Avant l'ordonnance : la check-list à préparer
Arriver préparé vous fait gagner deux rendez-vous.
- Votre IMC réel : poids ÷ taille² en kg/m², calculé à jeun, même balance si possible.
- Vos comorbidités — HTA, dyslipidémie, syndrome d'apnées du sommeil, prédiabète ou DT2, stéatose hépatique.
- La liste de vos traitements — insuline, sulfamides, antidépresseurs, contraception orale (la vidange gastrique ralentit, la pilule peut être moins bien absorbée pendant l'escalade).
- Antécédents personnels — pancréatite, maladie biliaire, troubles thyroïdiens, antécédents psychiatriques (la question des idées suicidaires a été surveillée par les agences, sans signal confirmé à ce jour).
- Antécédents familiaux — carcinome médullaire de la thyroïde, NEM2.
- Votre situation financière réelle — compter 300 à 410 €/mois pendant au moins 12 mois, c'est une décision budgétaire. Vérifiez la position de votre complémentaire santé et le statut du remboursement conditionnel de Mounjaro obésité sur Ameli au jour J.
- Un plan alimentaire et d'activité physique — les essais ont tous combiné le traitement avec un accompagnement nutritionnel et sportif. La molécule seule n'a pas donné ses chiffres dans les études.
Les questions à emporter chez le médecin
Copiez-collez cette liste sur votre téléphone avant la consultation.
- Entre Wegovy et Mounjaro, lequel correspond le mieux à mon profil — comorbidités, tolérance digestive, budget ?
- Si je commence, jusqu'à quelle dose faut-il viser pour mes objectifs de santé (pas seulement pour le poids) ?
- Quel palier sera remboursé, sous quelles conditions, avec quelle procédure côté Ameli ?
- Quel plan si je déclenche des nausées fortes, une diarrhée invalidante ou des douleurs abdominales ?
- Que fait-on si la perte de poids plafonne avant 1 an ?
- Quelle sortie de traitement — arrêt progressif, entretien à dose réduite, bascule sur une autre molécule ?

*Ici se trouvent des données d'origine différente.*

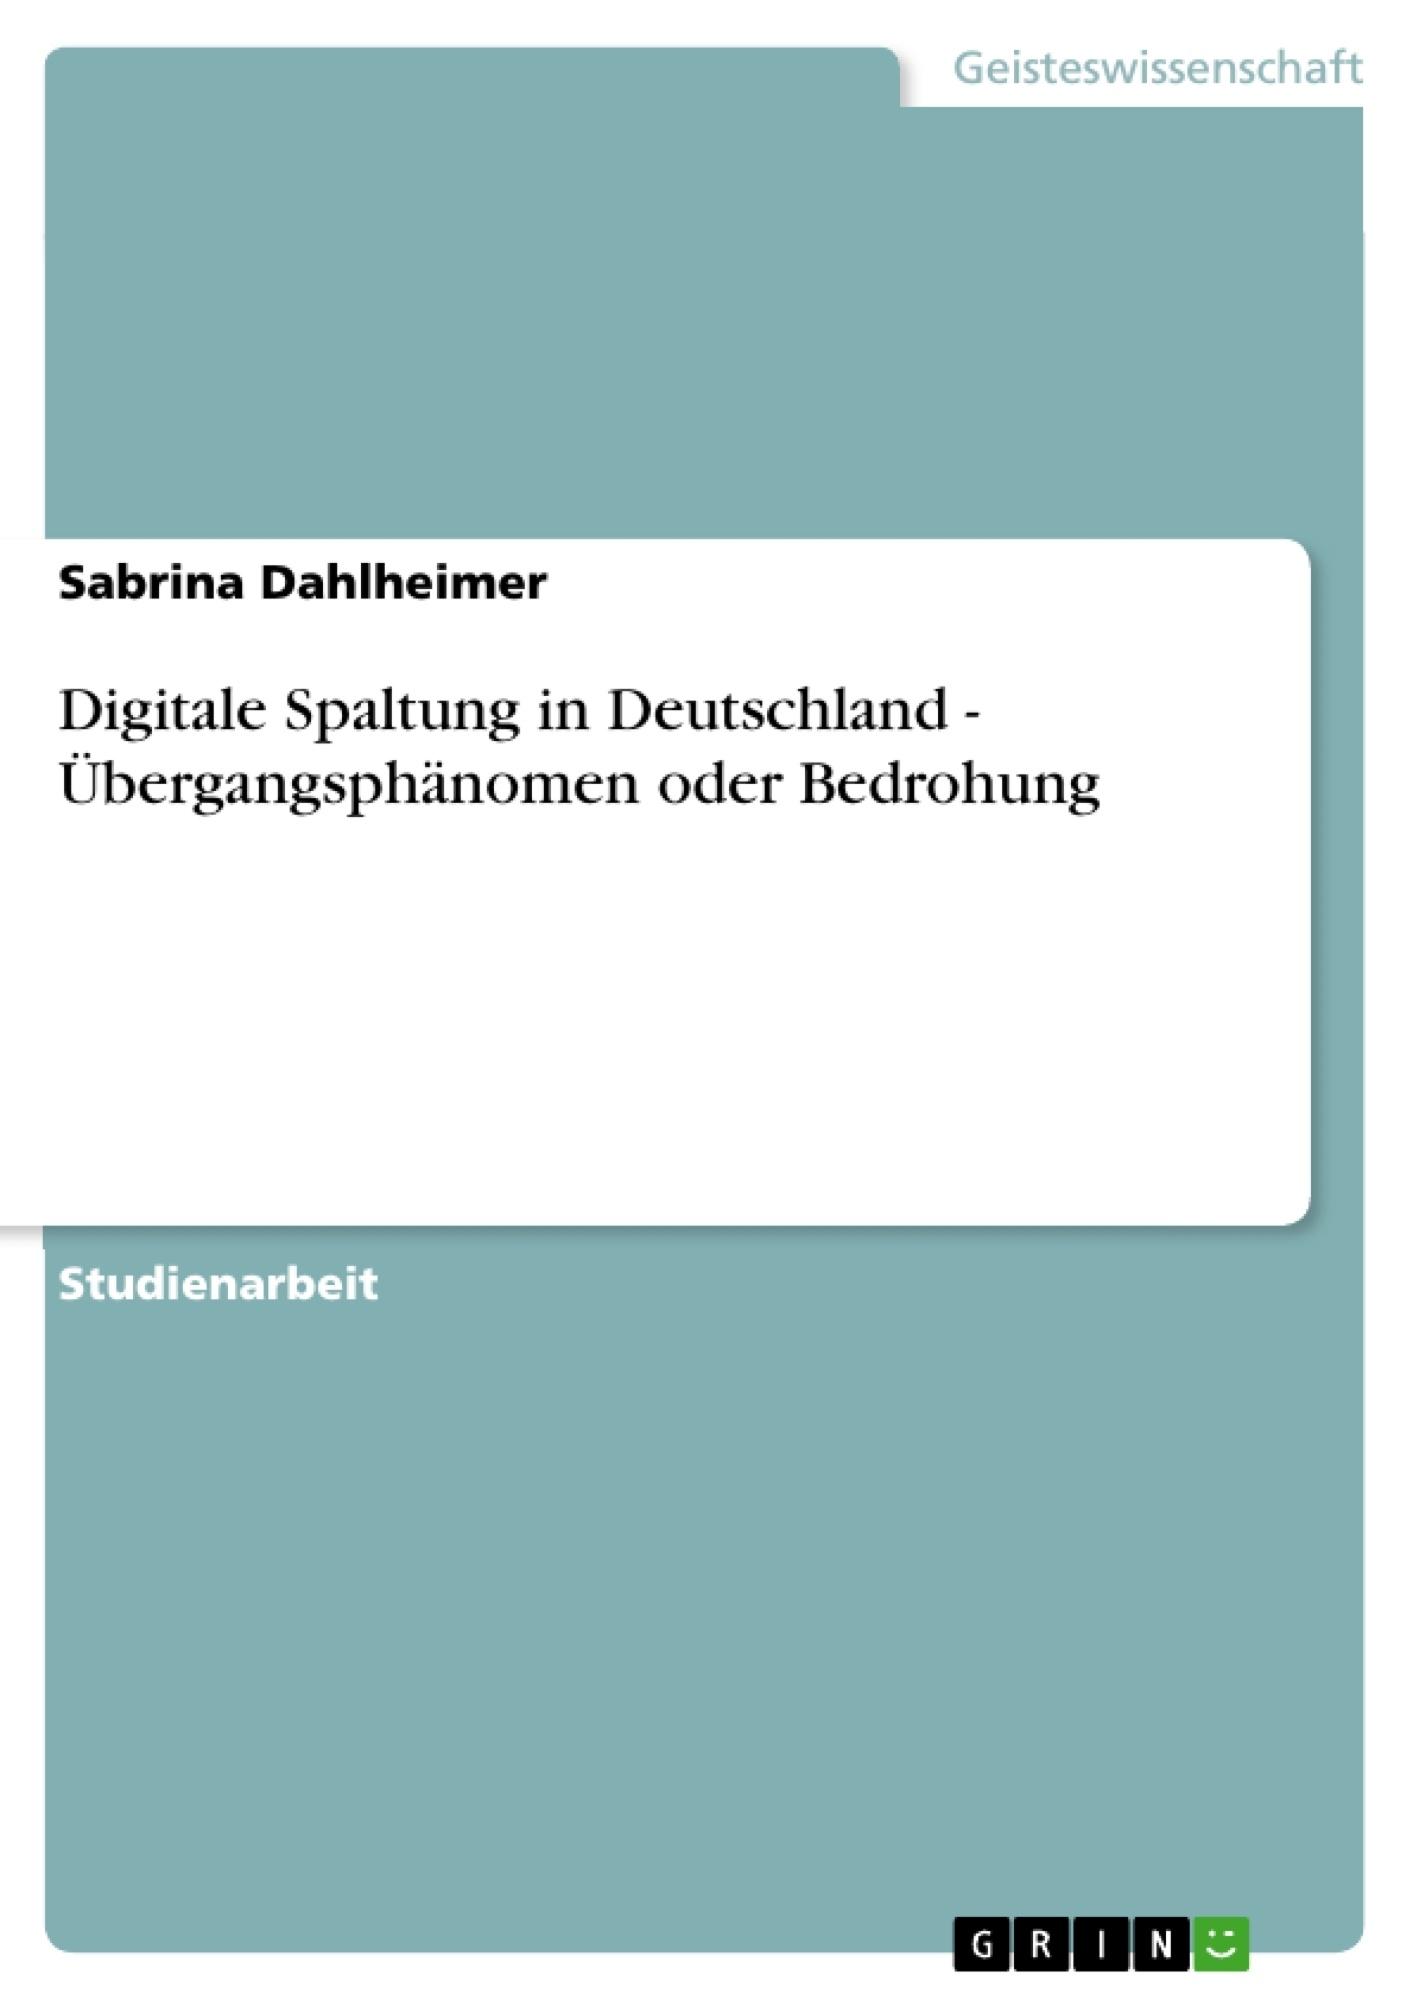 Titel: Digitale Spaltung in Deutschland - Übergangsphänomen oder Bedrohung

- Faut-il surveiller ma vésicule biliaire, ma TSH, ma glycémie, et à quelle fréquence ?
- Si je prends Mounjaro, comment gérer un séjour de 3 semaines au Japon où l'indication obésité n'existe pas ?
La photo de la France en avril 2026
Wegovy et Mounjaro sont disponibles, prescrits et vendus. Le remboursement obésité existe de façon conditionnelle pour Mounjaro depuis 2024, mais il se valide dossier par dossier via votre médecin et Ameli. Wegovy, lui, reste majoritairement privé. Les ruptures d'Ozempic — conséquence directe du détournement pour l'amaigrissement — restent un sujet sensible ; à ne pas alimenter par un usage hors AMM.
La trajectoire 2026 se dessine déjà : arrivée possible en Europe d'une sémaglutide orale à haute dose pour l'obésité sur le modèle américain, travaux cliniques avancés sur le rétatrutide (triple agoniste) et la cagrisema, et évolution probable de l'avis HAS sur le remboursement de l'obésité pharmacologique.
Deux molécules, neuf marchés, des noms qui changent. Un seul réflexe utile : parler de votre cas avec un médecin qui connaît votre dossier plutôt que de choisir sur un graphique d'essai clinique.